Из соседней комнаты пела радиола, а из следующей — металлически бубнил телевизор.

— Привилегия писателей — допрашивать, — кивал Иннокентий, сохраняя всё тот же удачливый блеск в глазах, с каким он защищал Эпикура. — Вроде следователей. Всё вопросы, вопросы, о преступлениях.

— Мы ищем в человеке не преступления, а его достоинства, его светлые черты.

— Тогда ваша работа противоположна работе совести. Так ты, значит, хочешь писать книгу о дипломатах? Галахов улыбнулся.

— Хочешь-не хочешь — не решается, Инк, так просто, как в новогодних интервью. Но запастись заранее материалами… Не всякого дипломата расспросишь. Спасибо, что ты — родственник.
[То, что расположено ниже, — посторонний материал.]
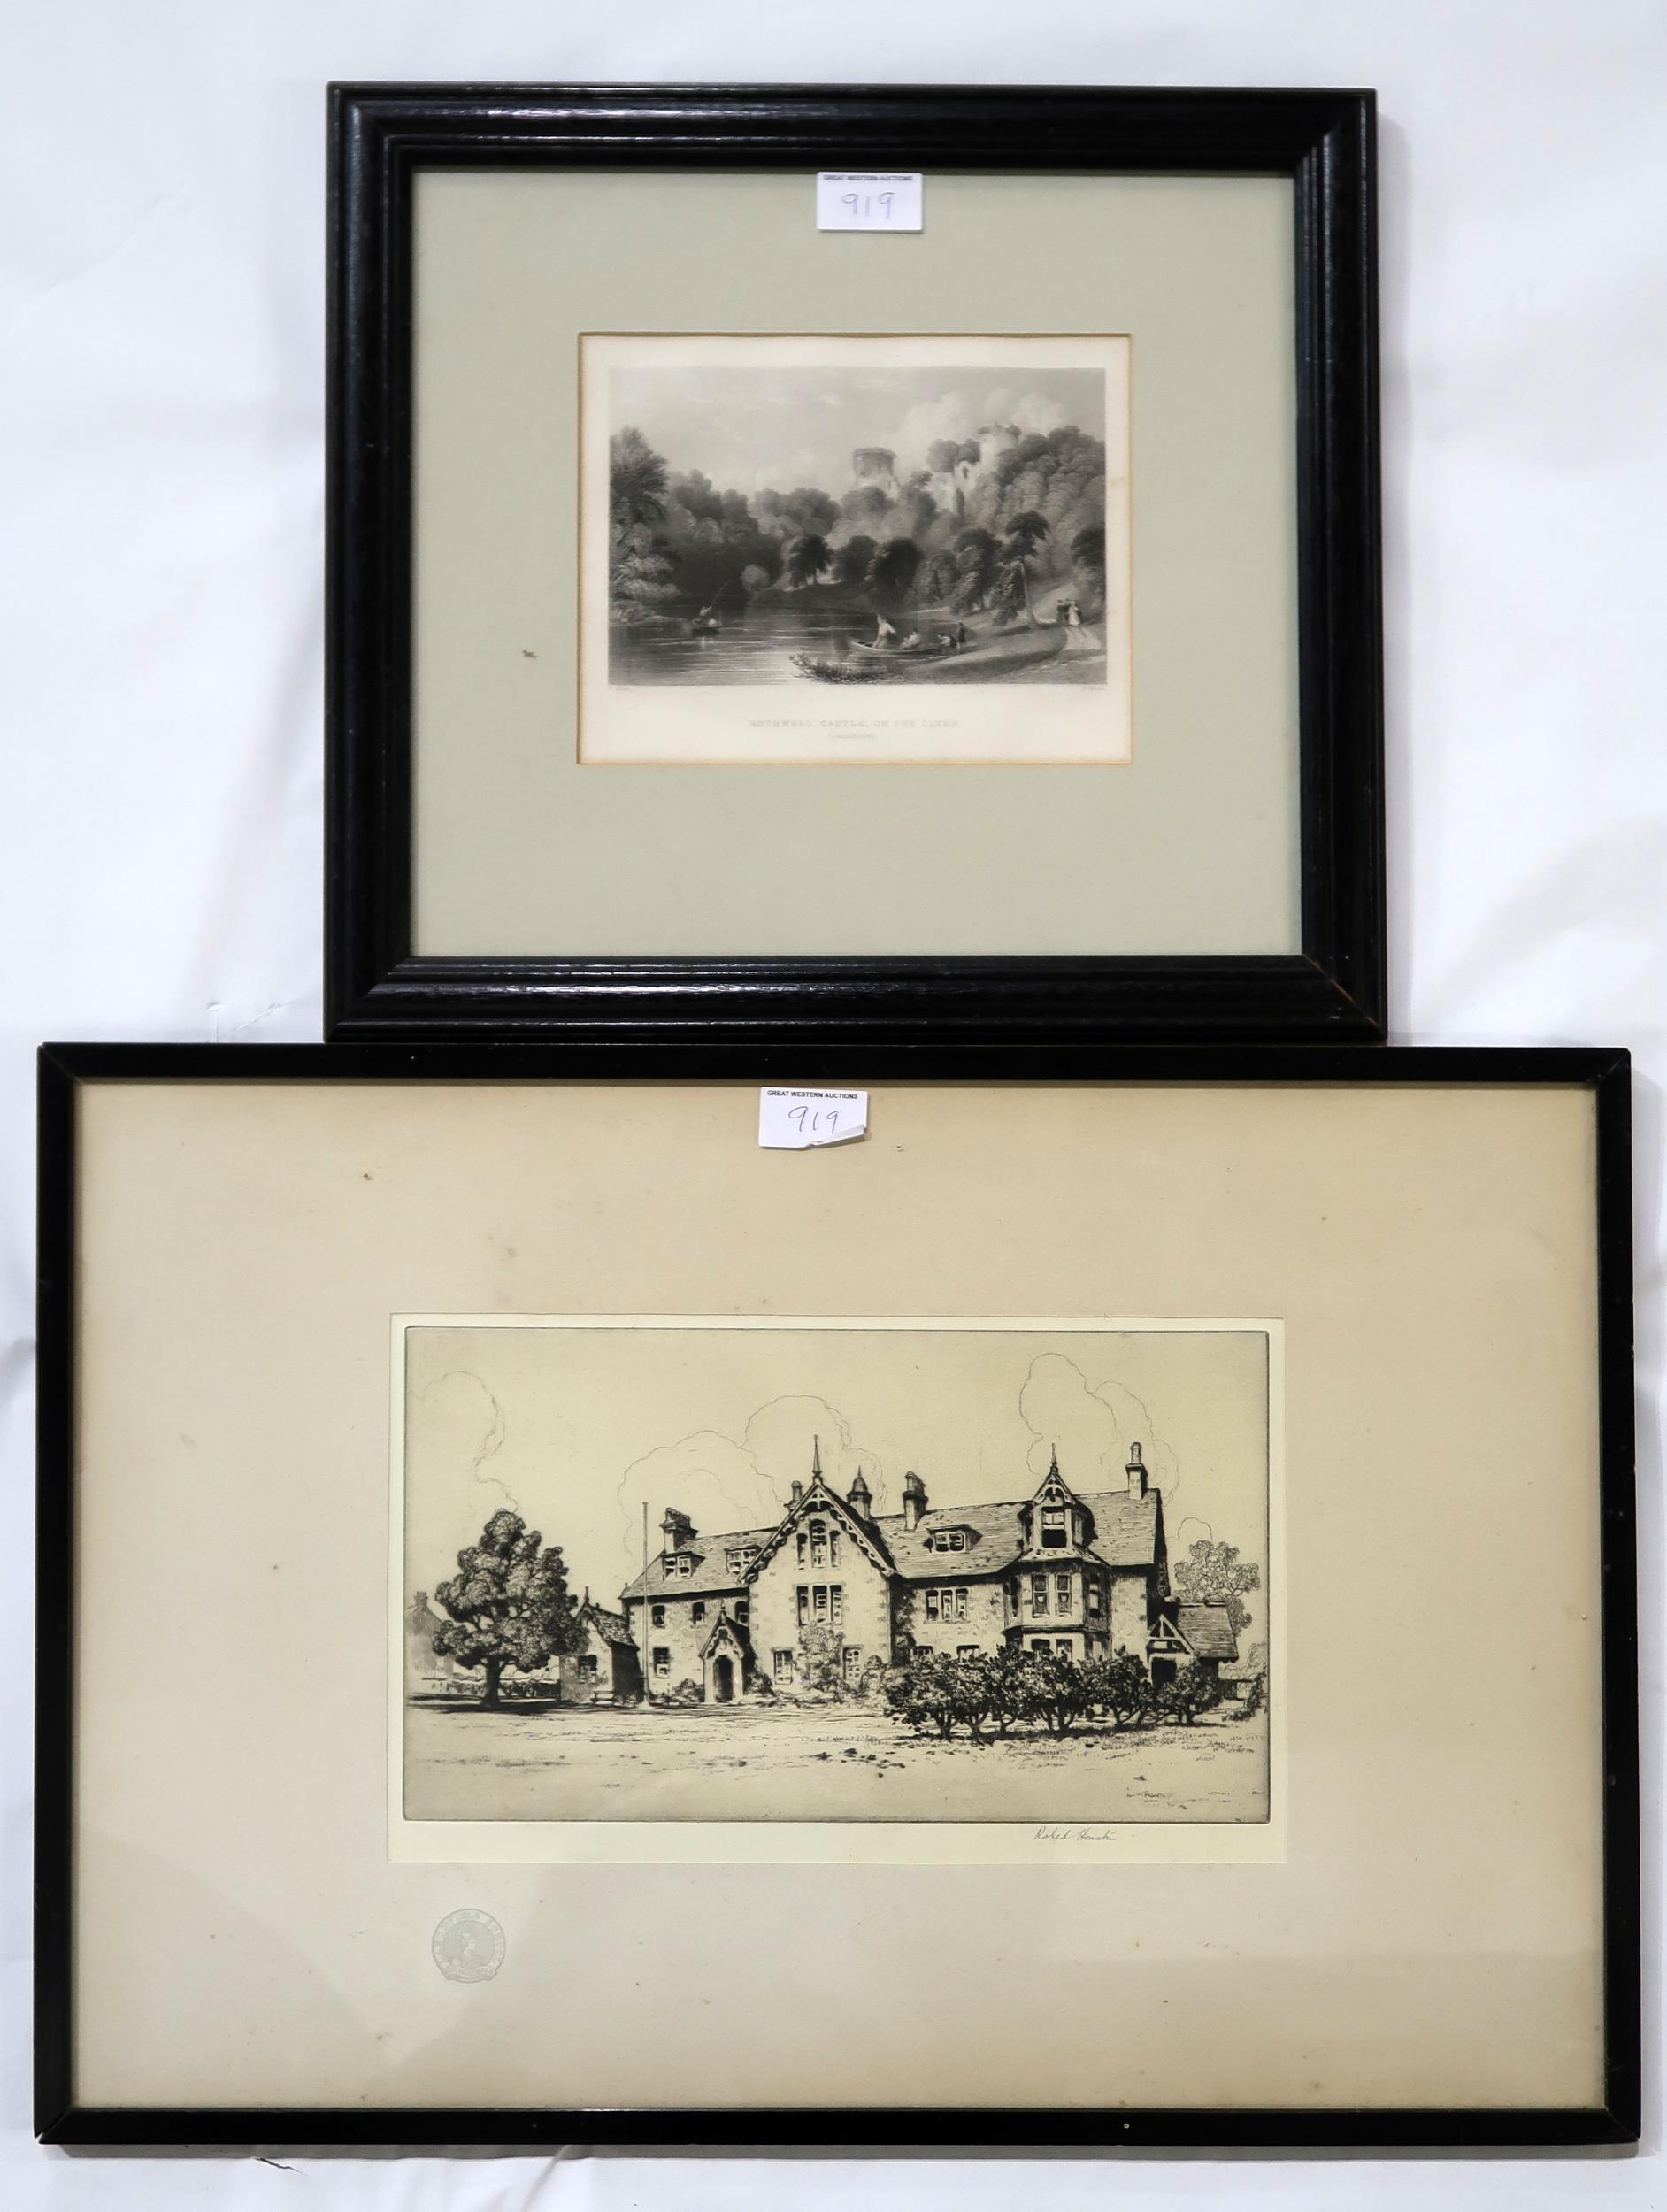 ROBERT HOUSTON Larchfield School, signed, etching, 19 x 32cm,WILLIAM WALCOT Venice, signed, - Image 5 of 5

— И твой выбор доказывает твою проницательность. Посторонний дипломат, во-первых, наврёт тебе с три короба. Ведь у нас есть, что скрывать. Они смотрели глаза в глаза.

— Я понимаю. Но… этой стороны вашей деятельности… отражать не придётся, так что она меня…

— Ага. Значит, тебя интересует главным образом — быт посольств, наш рабочий день, ну там, как проходят приёмы, вручение грамот…

— Нет, глубже! И — как преломляются в душе советского дипломата…

— А-а, как преломляются… Ну, уже всё! Я понял. И до конца вечера я тебе буду рассказывать. Только… объясни и ты мне сперва… Военную тему ты что же — бросил? исчерпал?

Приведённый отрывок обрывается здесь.